(Extracted records)

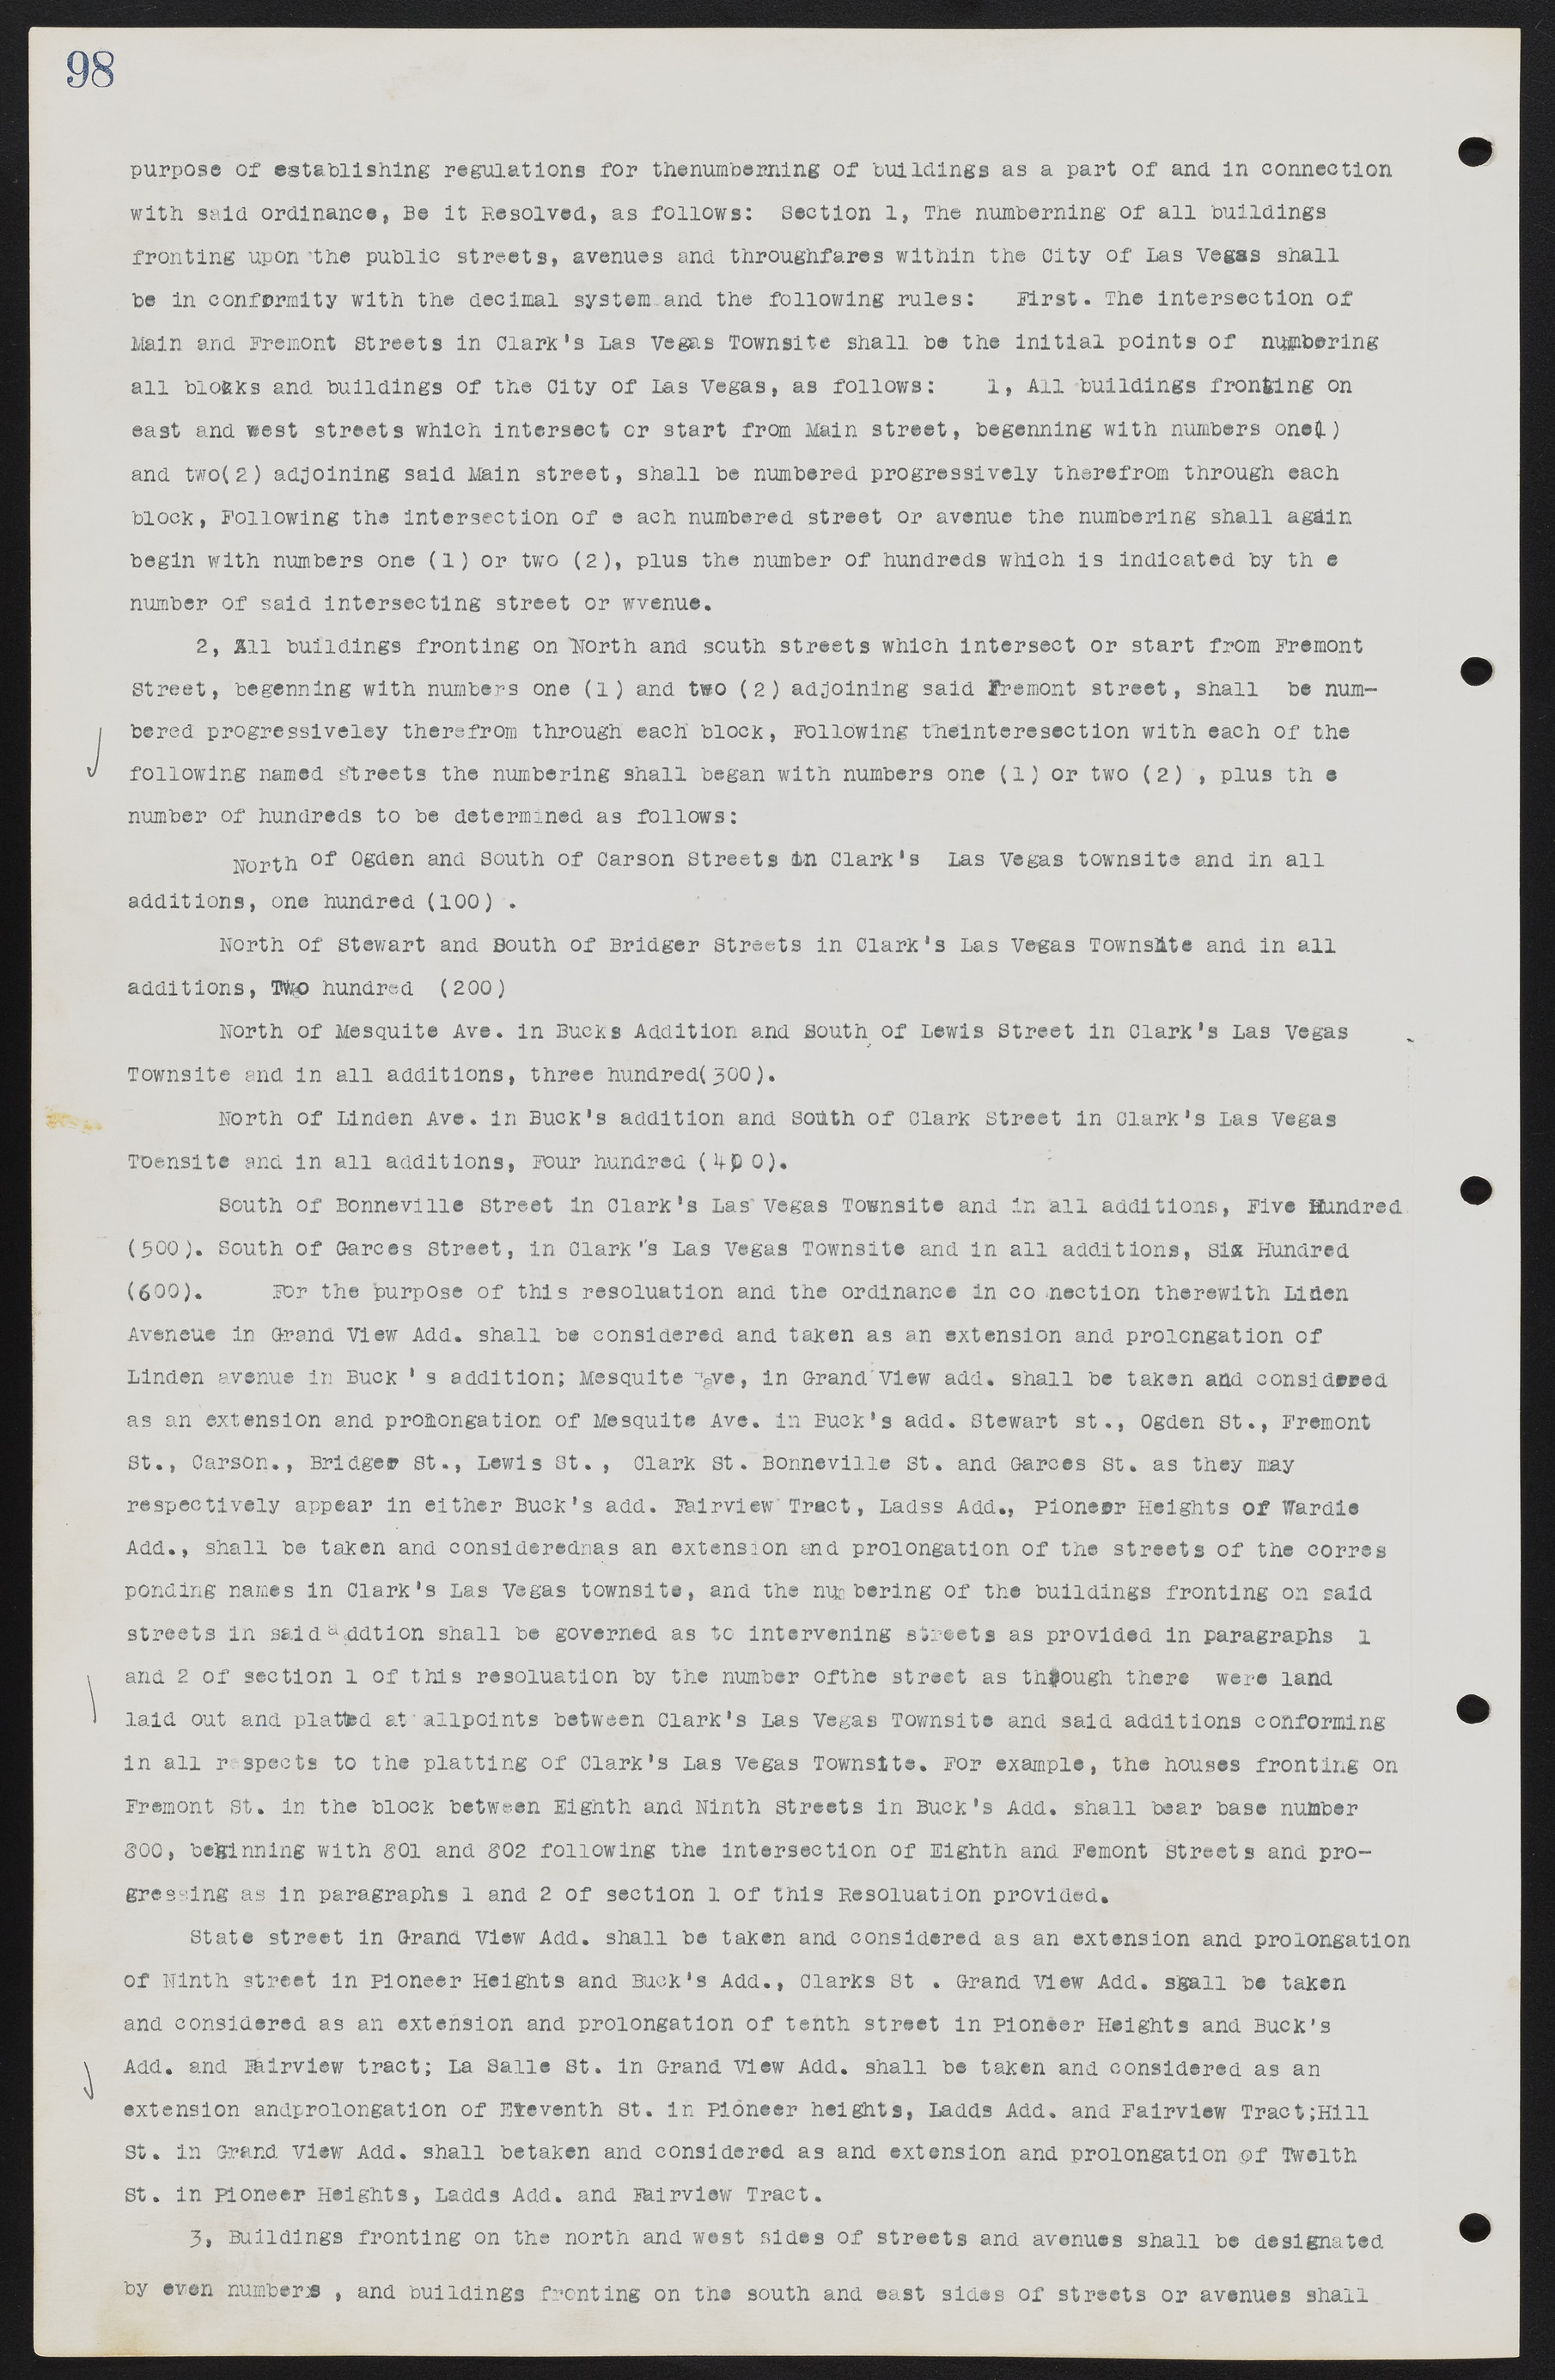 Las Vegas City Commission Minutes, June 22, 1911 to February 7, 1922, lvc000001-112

(End Extracted records)
(Extracted records)

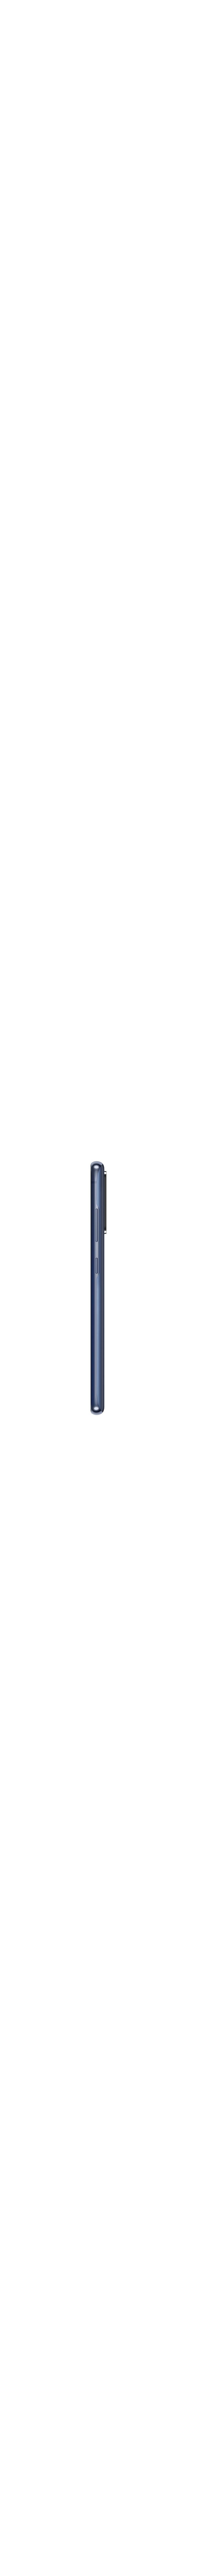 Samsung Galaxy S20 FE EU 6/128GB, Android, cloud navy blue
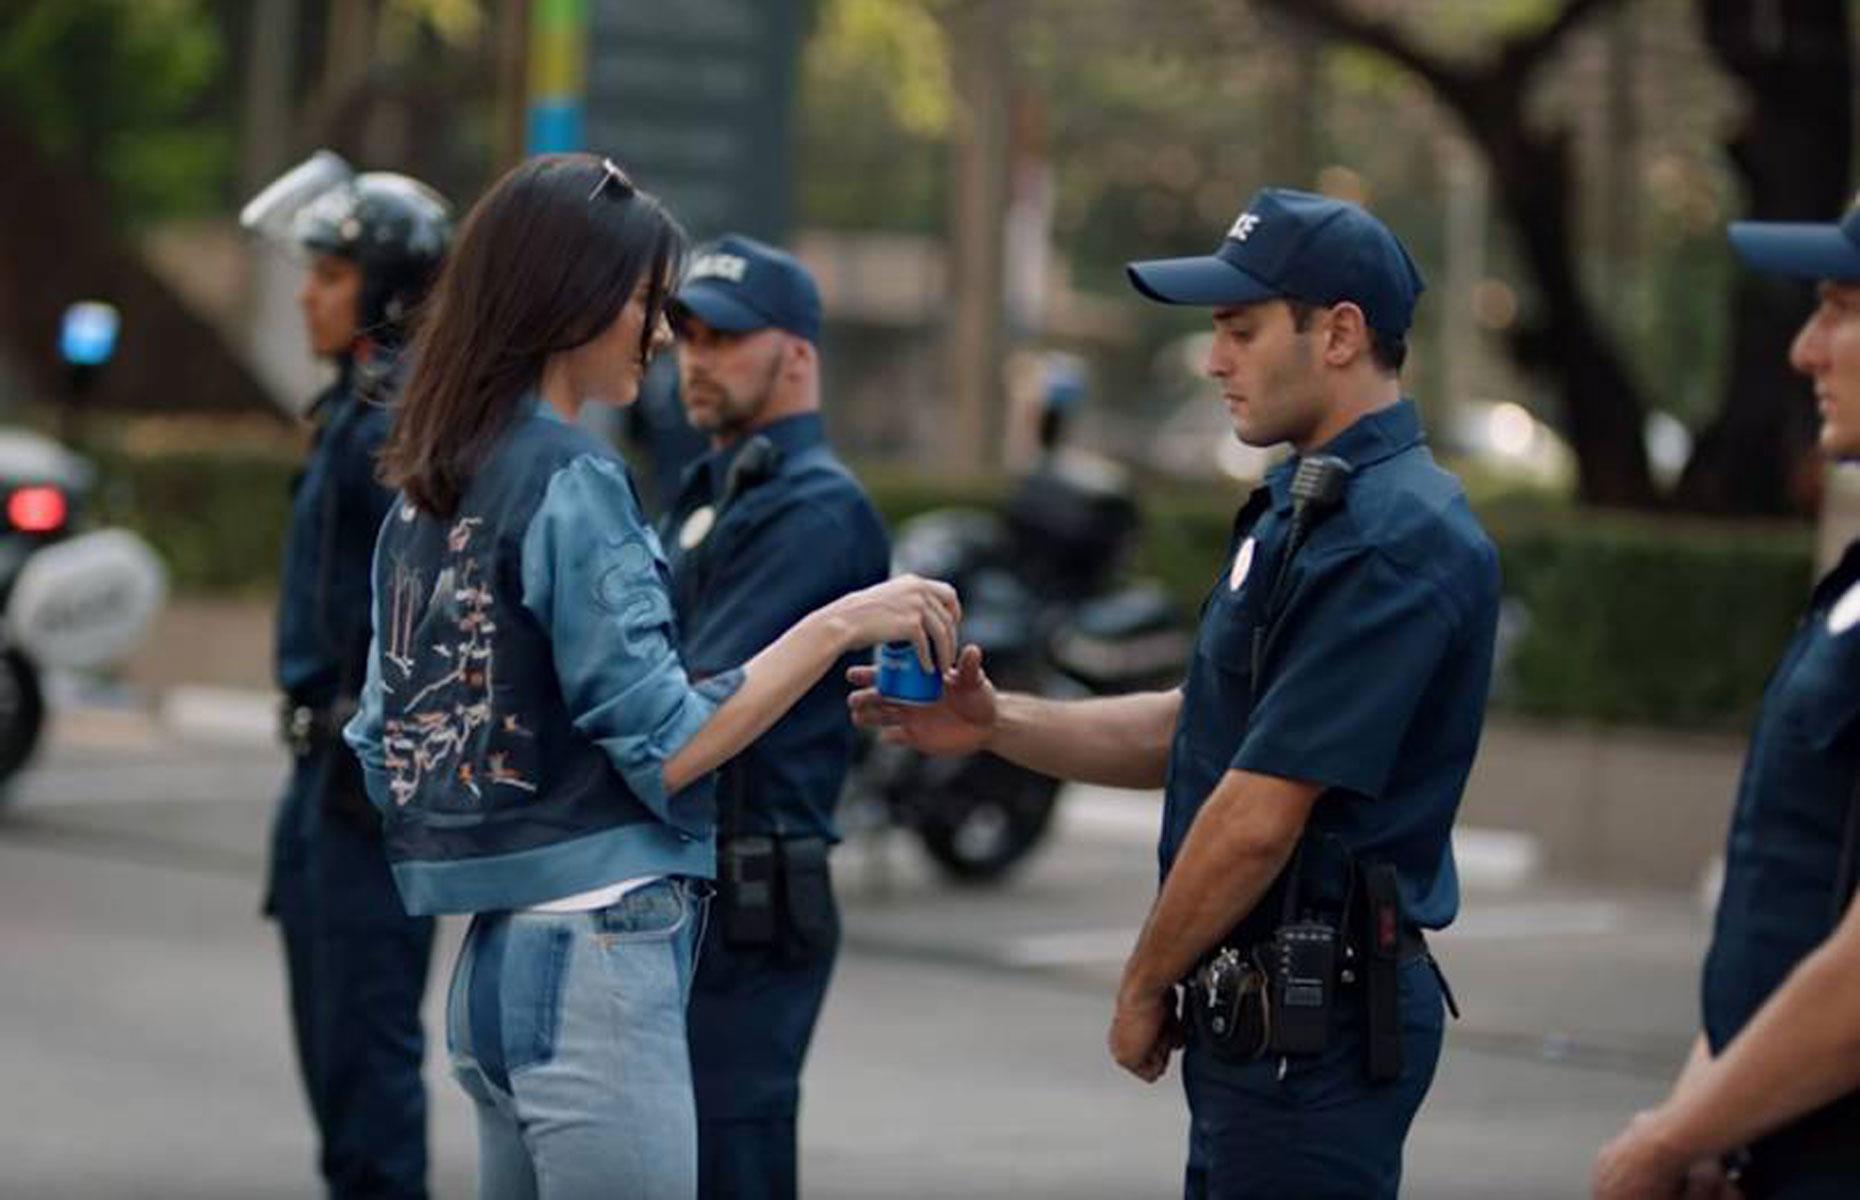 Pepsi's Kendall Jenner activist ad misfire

(End Extracted records)
(Extracted records)

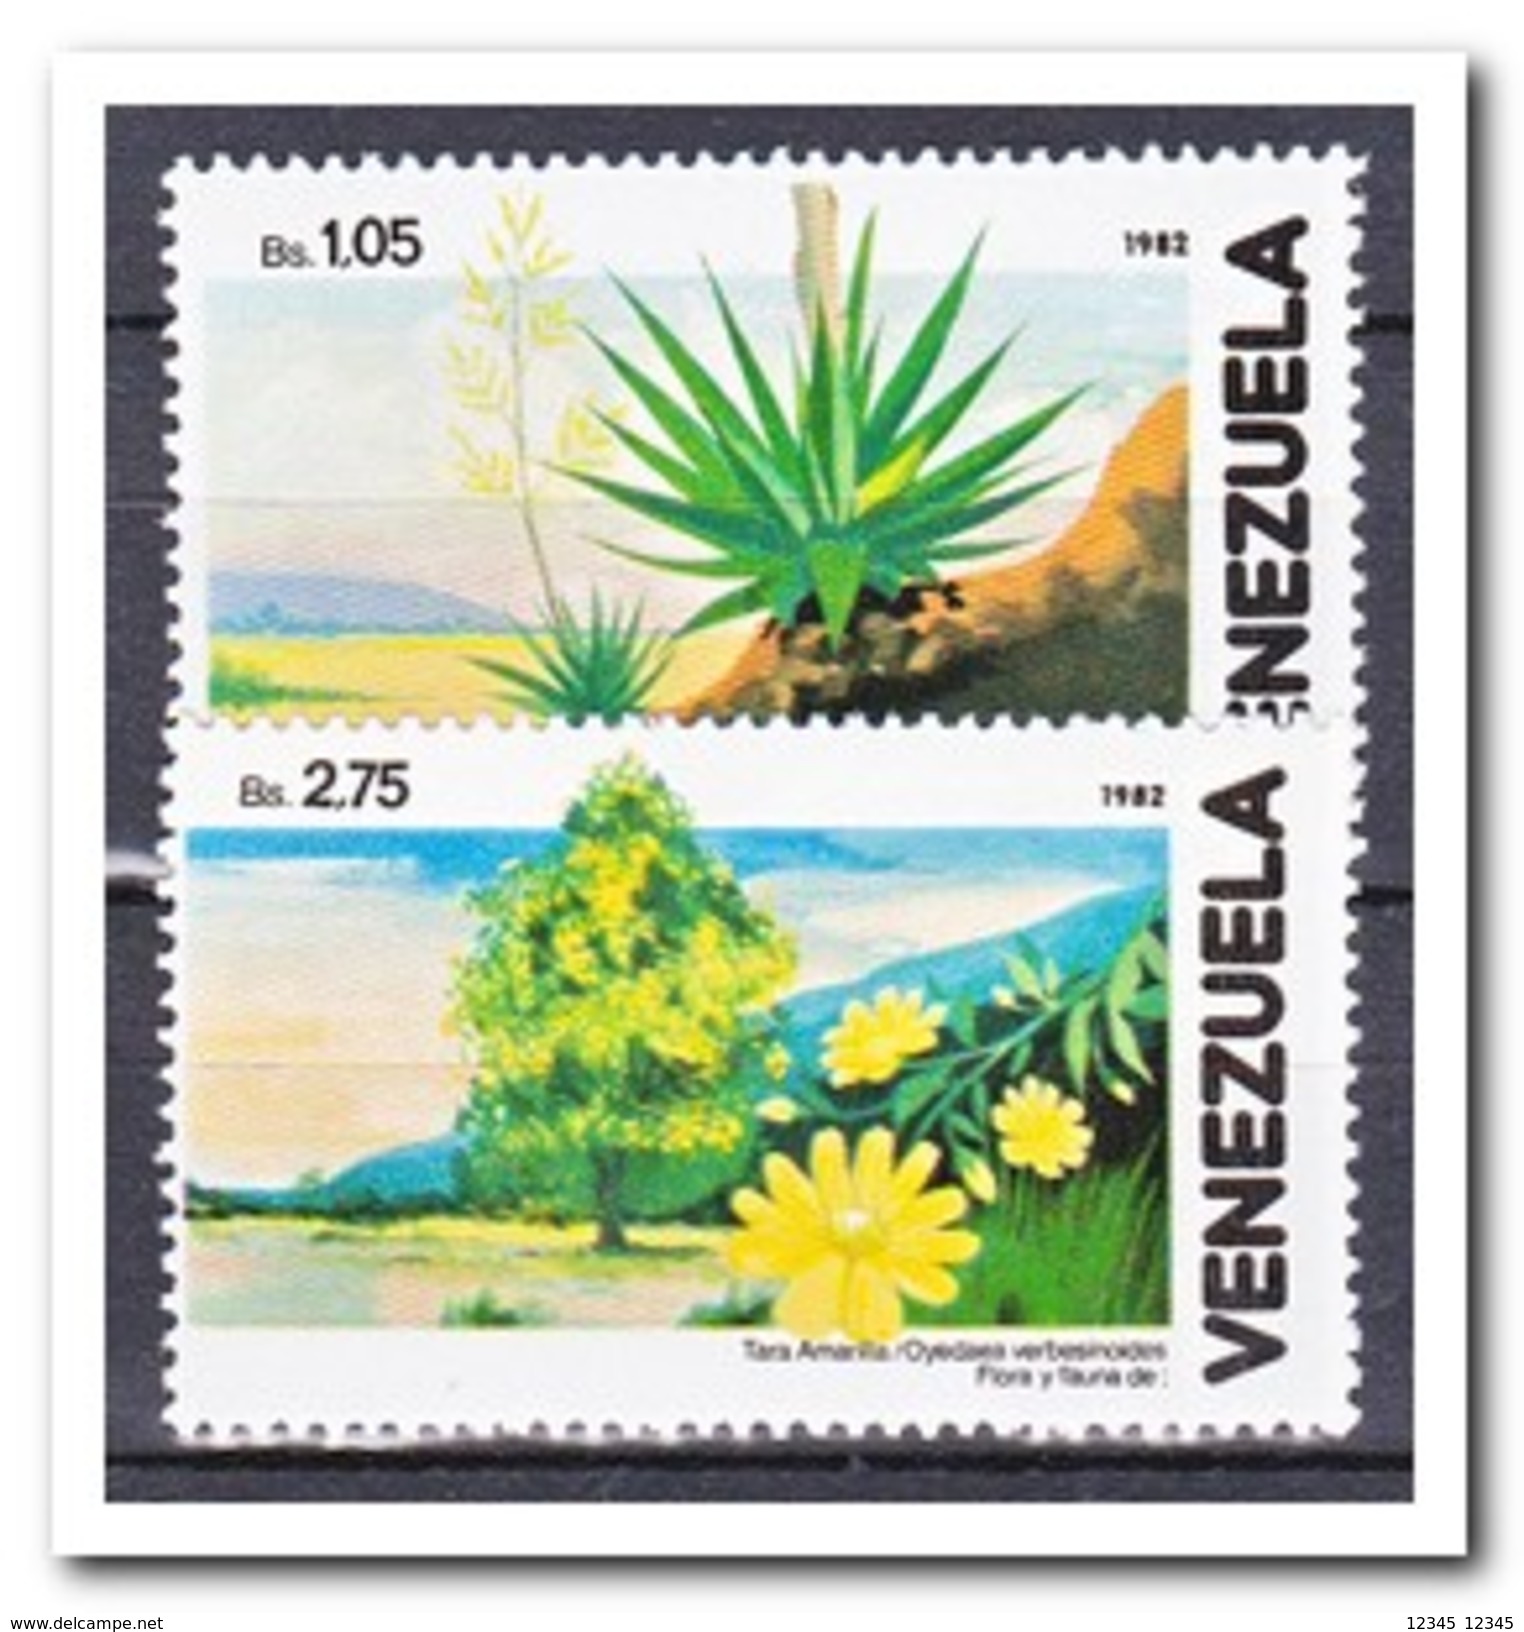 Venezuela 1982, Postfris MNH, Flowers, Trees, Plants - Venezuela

(End Extracted records)

- What is being asked: Would you output only the span of the records above that opens with the line containing "Samsung Galaxy S20" and closes with the line containing "Pepsi's Kendall Jenner activist ad misfire", ends included and pictures dropped?

- Task answer:
 Samsung Galaxy S20 FE EU 6/128GB, Android, cloud navy blue
 Pepsi's Kendall Jenner activist ad misfire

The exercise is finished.